А на ледовом пятачке мы играли в хоккей. Прикручивали веревками коньки к валенкам и гоняли консервную банку, которая служила шайбой. Коньки на ботинках имели всего двое-трое ребят. Однажды в число счастливчиков попал и Сашка Карандашов — отец купил ему новенькие «гаги», и в мастерской коньки приклепали к новеньким ботинкам. В первый день Сашка катался до одури; даже в детский сад за младшим братом, куда его послала мать, отправился на коньках, чтобы не расслабляться. И по пути еще дал приличный крюк по улицам. А когда прикатил в детский сад, оказалось, что мать устала ждать «конькобежца» и сама взяла Сашкиного брата.

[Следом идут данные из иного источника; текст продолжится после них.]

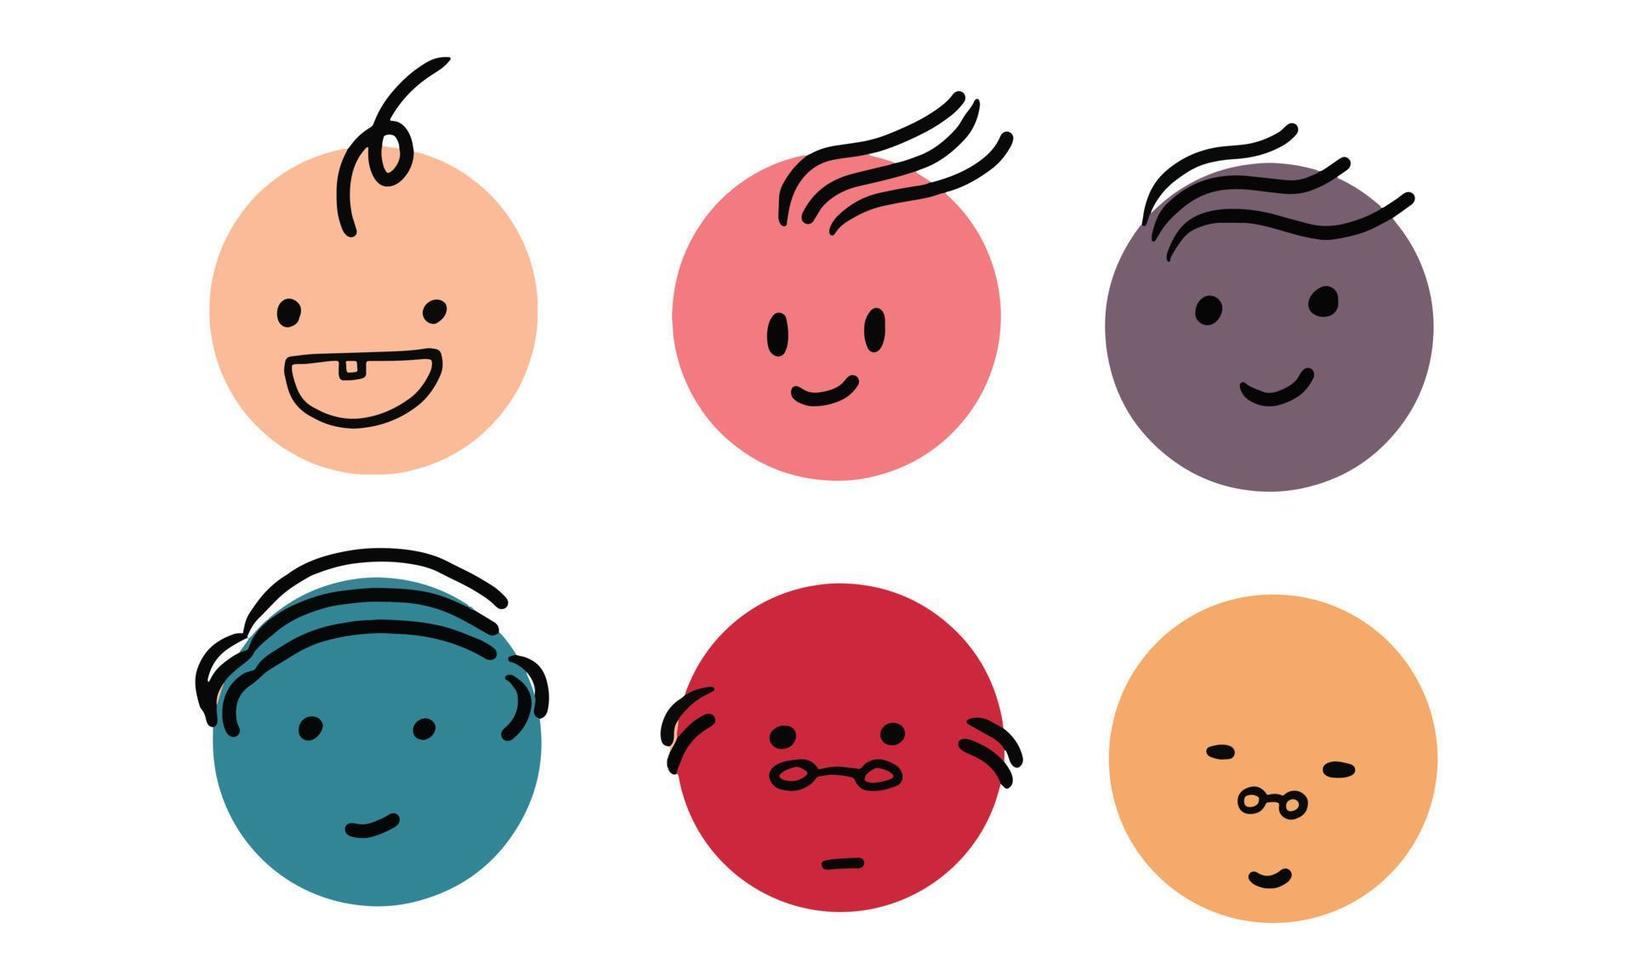 süße Icons oder Emoticons repräsentieren den menschlichen Lebenszyklus. Zeichnen einer lustigen Illustration des Menschen von Baby, Kleinkind, Kind, Teenager, Erwachsener und Alt. vektor

Обратно Сашка возвращался на ватных ногах, то и дело присаживаясь на снег отдохнуть. Недалеко от дома окончательно выбился из сил и свалился. На его счастье, в это время с работы возвращался электромонтер дядя Витя; он и дотащил Сашку.
Однажды и со мной приключилась подобная история. Даже похуже. Я, вроде Сашки, решил совершить конькобежный марафон на своих коньках, прикрученных к валенкам.
Я отправился на стадион, чтобы там покататься на ледяной дорожке. Накатался вдоволь — сделал десять кругов и последний проехал с закрытыми глазами — легко и красиво побил сразу два мировых рекорда. Но мой взлет закончился печально: на обратном пути я почувствовал жуткую усталость; решил снять коньки и дальше топать в валенках, но как-то неуклюже подвернул ногу и рухнул от боли. Самое смешное — на том же самом месте, где и Сашка, каком-то заколдованном месте недалеко от дома — там пролегали обледенелые колдобины.